DATASET EXCERPT:
Segment Open
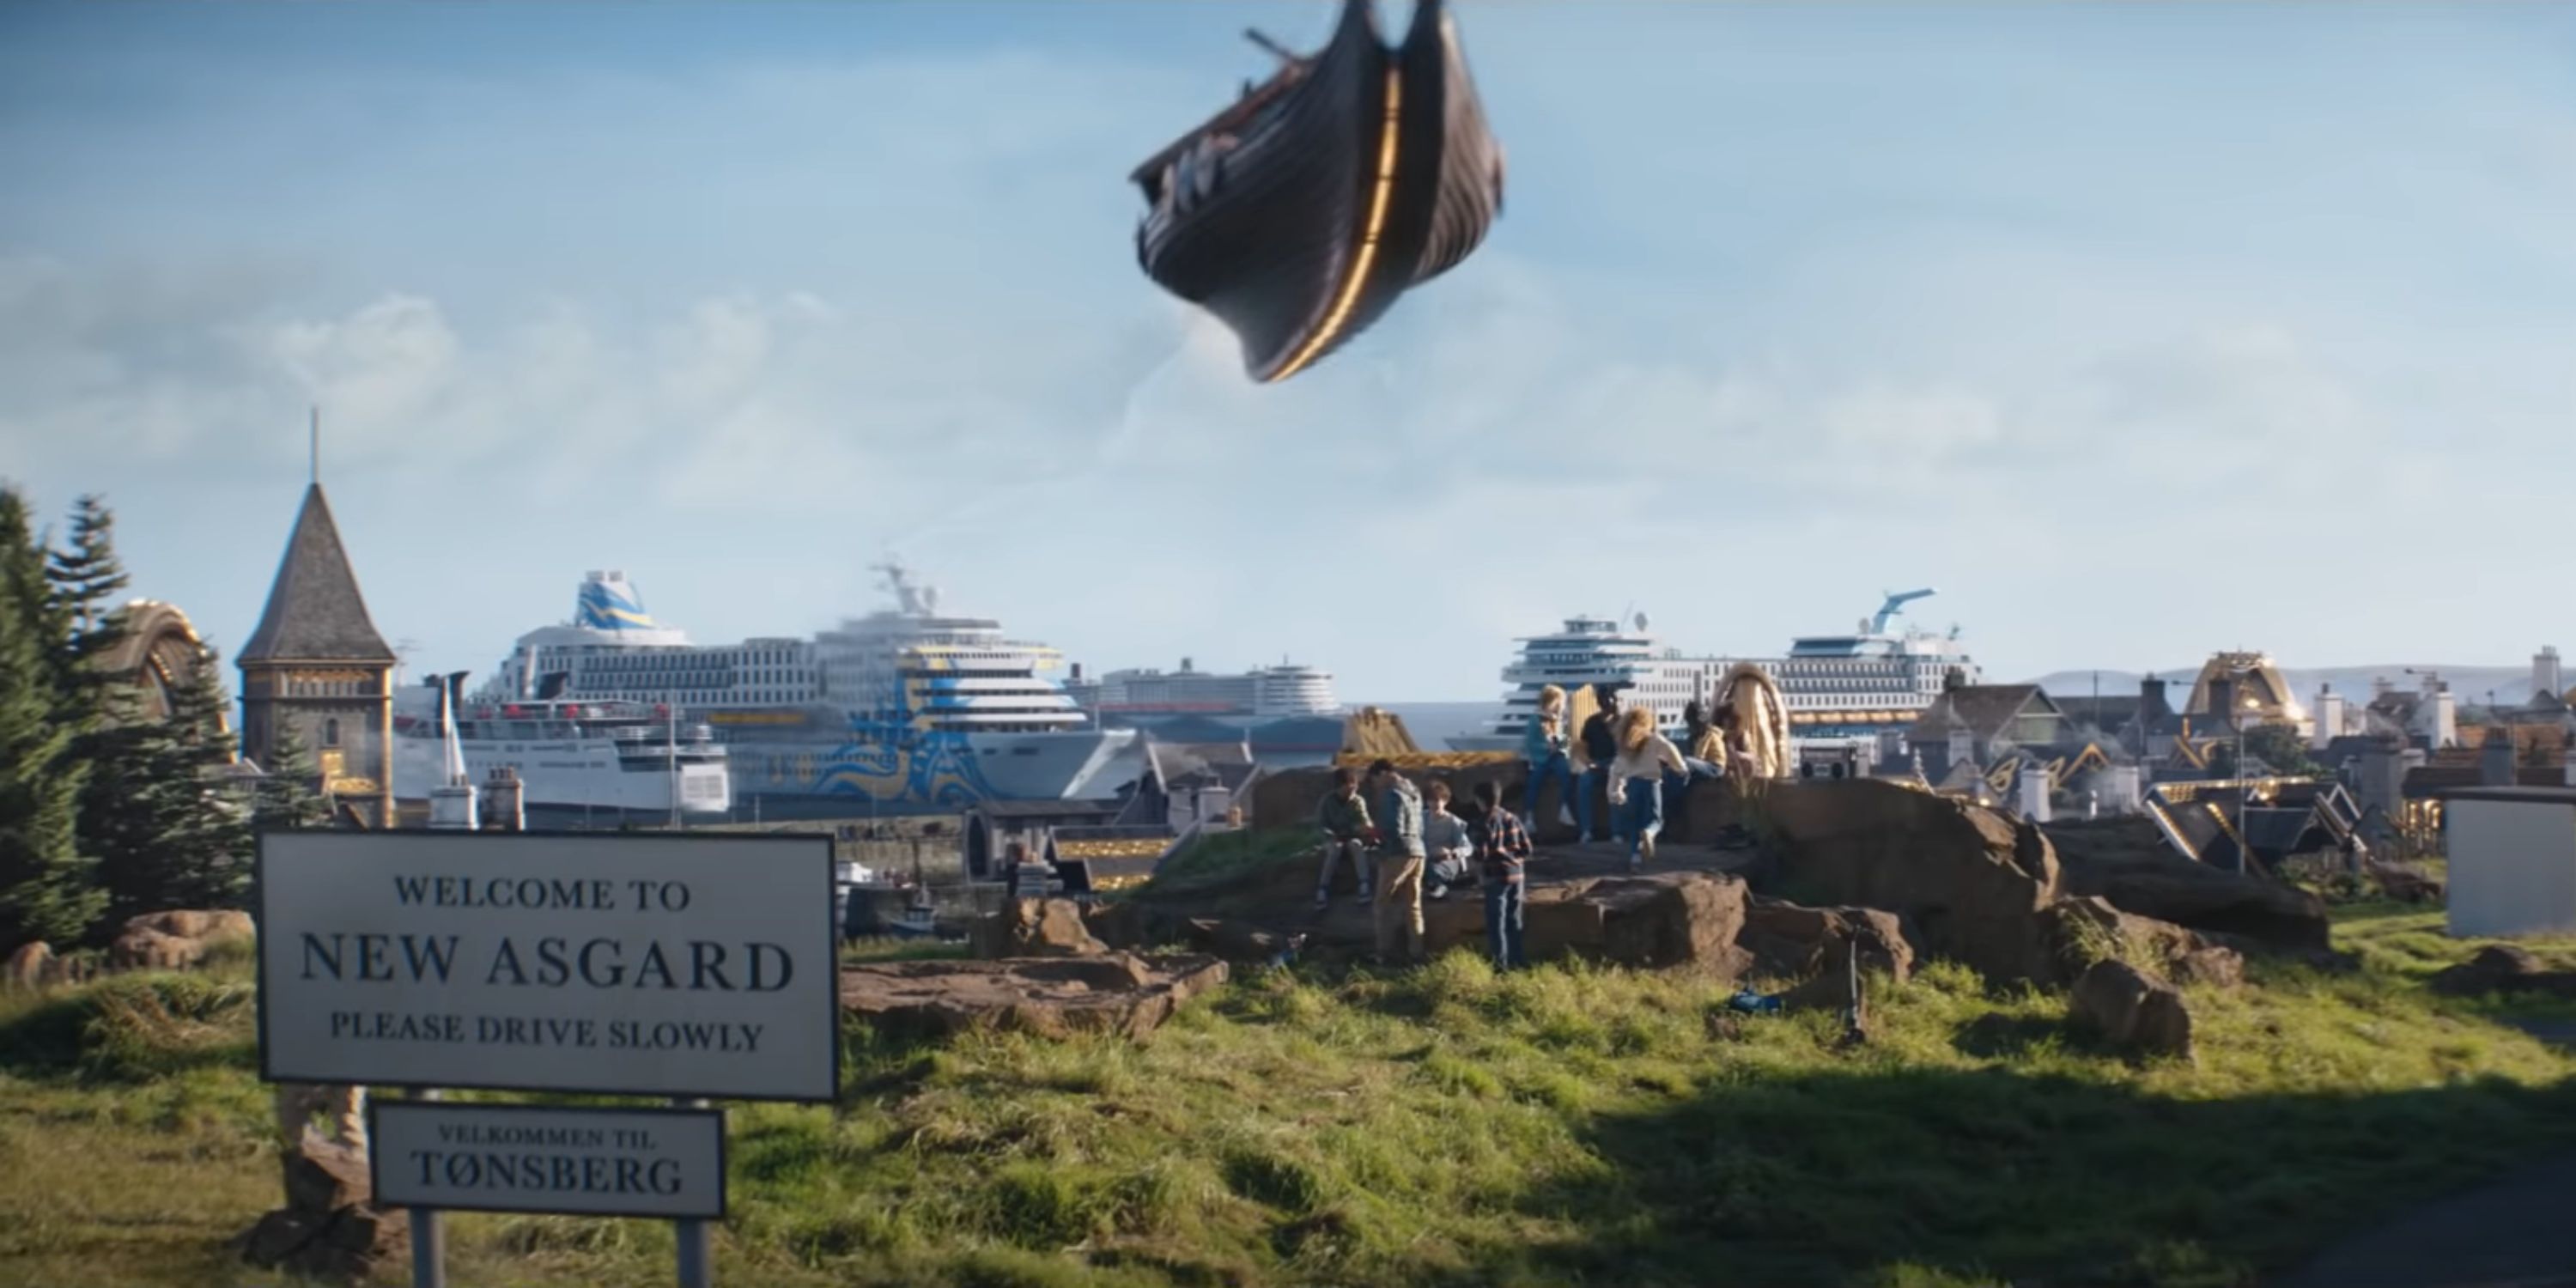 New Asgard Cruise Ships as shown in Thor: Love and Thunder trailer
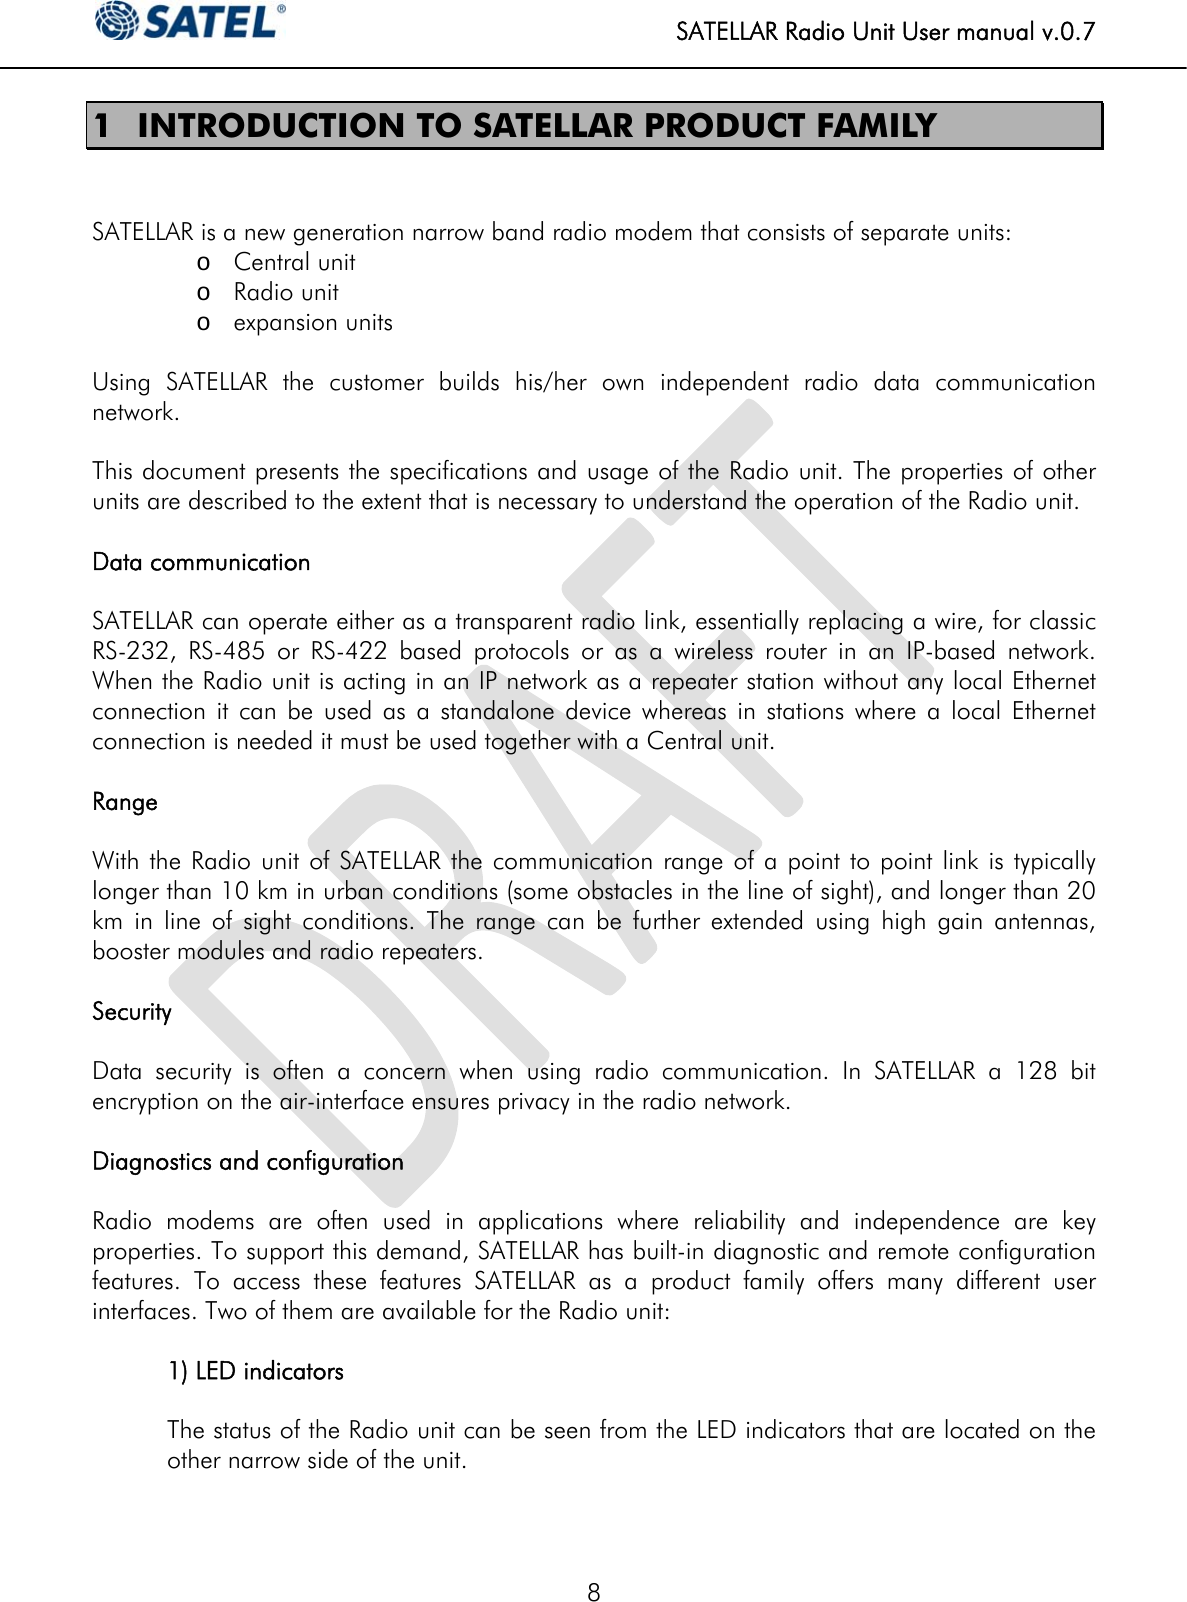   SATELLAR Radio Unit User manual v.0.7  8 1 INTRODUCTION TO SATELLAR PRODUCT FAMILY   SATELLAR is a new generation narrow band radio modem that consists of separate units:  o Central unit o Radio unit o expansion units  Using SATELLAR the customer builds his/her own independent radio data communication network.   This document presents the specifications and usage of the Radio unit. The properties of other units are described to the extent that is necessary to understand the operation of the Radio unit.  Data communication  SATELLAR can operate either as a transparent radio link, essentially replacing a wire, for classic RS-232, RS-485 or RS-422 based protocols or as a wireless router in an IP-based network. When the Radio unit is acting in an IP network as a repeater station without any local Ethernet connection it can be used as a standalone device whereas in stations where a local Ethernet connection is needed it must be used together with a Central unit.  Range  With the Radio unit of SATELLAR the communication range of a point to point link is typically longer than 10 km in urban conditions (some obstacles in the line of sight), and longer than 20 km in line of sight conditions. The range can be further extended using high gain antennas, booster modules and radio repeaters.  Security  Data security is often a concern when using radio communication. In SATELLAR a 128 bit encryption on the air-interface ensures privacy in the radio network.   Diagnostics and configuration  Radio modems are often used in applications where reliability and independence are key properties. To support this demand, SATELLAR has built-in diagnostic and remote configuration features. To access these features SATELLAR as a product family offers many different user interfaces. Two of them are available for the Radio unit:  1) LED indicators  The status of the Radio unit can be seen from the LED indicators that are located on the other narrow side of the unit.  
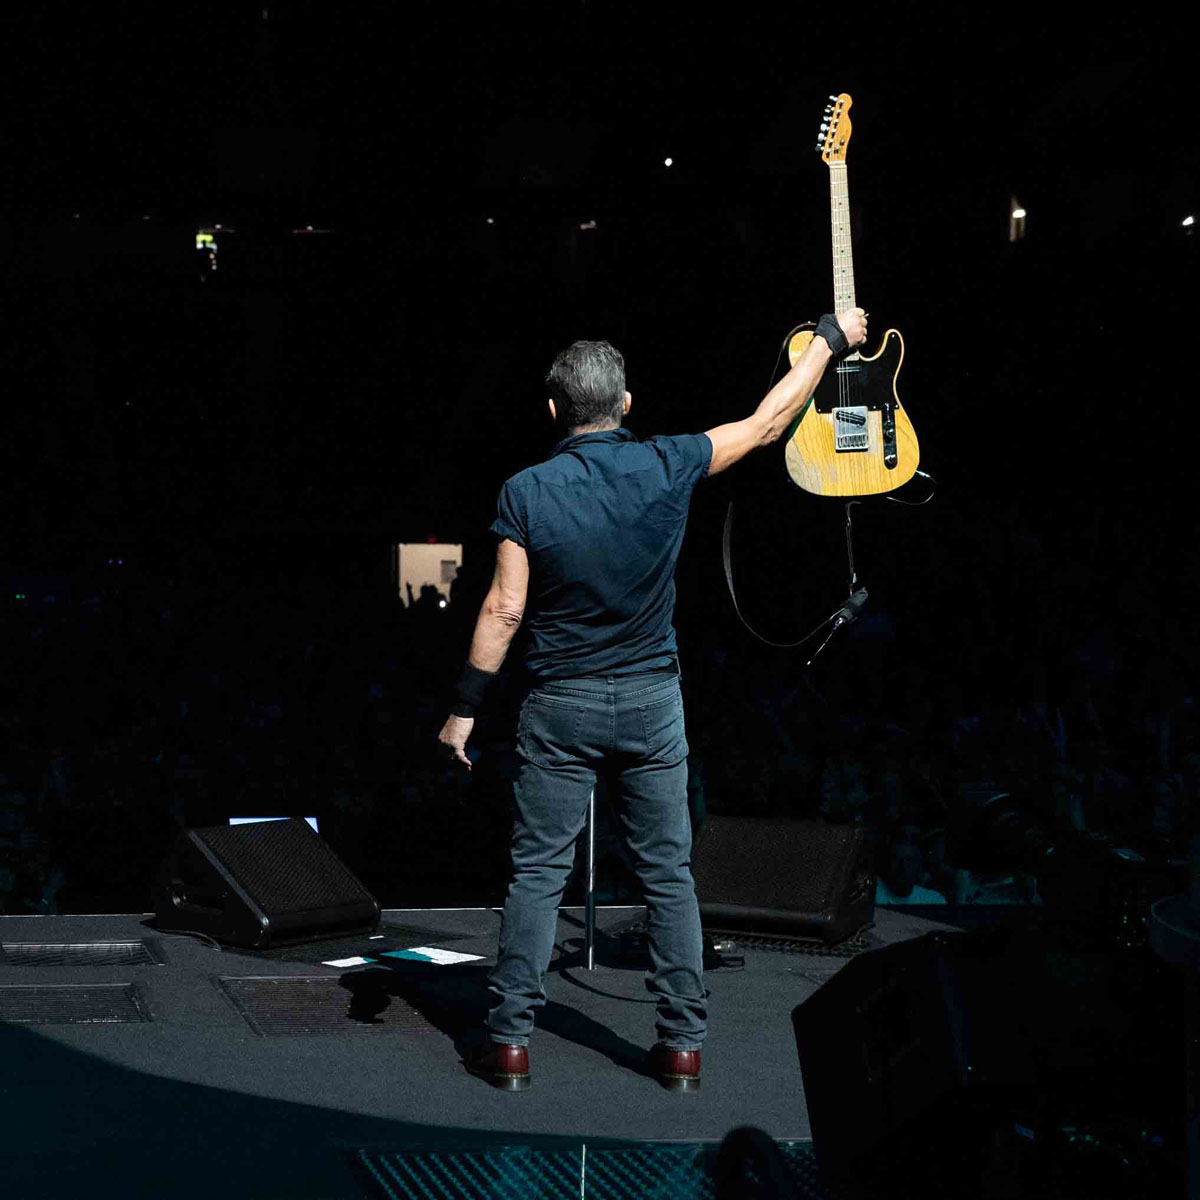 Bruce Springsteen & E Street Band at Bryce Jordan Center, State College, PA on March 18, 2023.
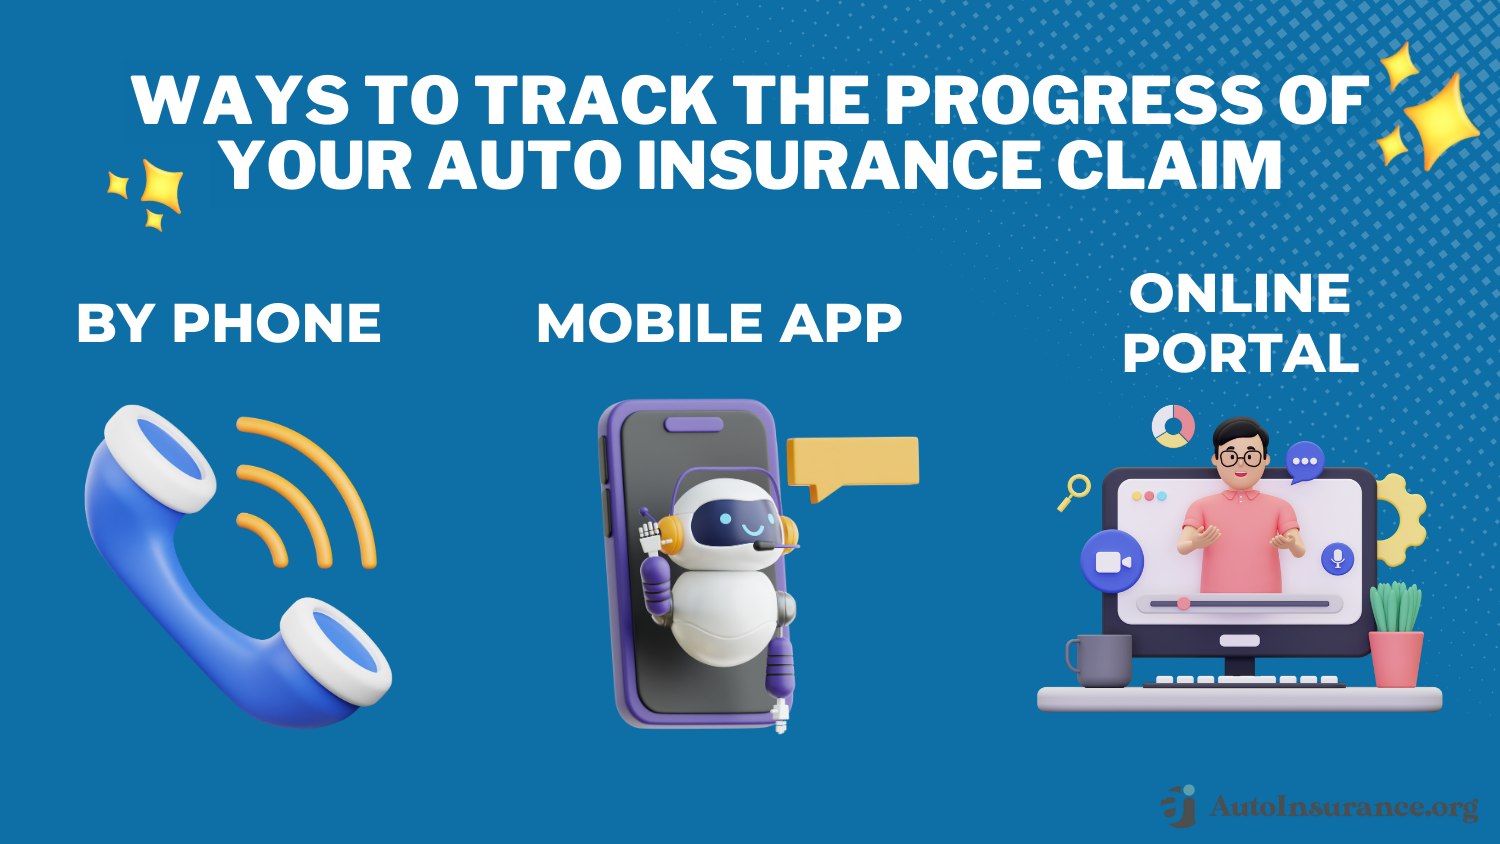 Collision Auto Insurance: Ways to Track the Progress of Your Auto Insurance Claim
Segment Closed
WHAT NEEDS TO BE DONE:
Every line from the one containing "Bruce Springsteen &" to the last line of the material must be returned exactly. Leave out any pictures.

EXPECTED OUTPUT:
 Bruce Springsteen & E Street Band at Bryce Jordan Center, State College, PA on March 18, 2023.
 Collision Auto Insurance: Ways to Track the Progress of Your Auto Insurance Claim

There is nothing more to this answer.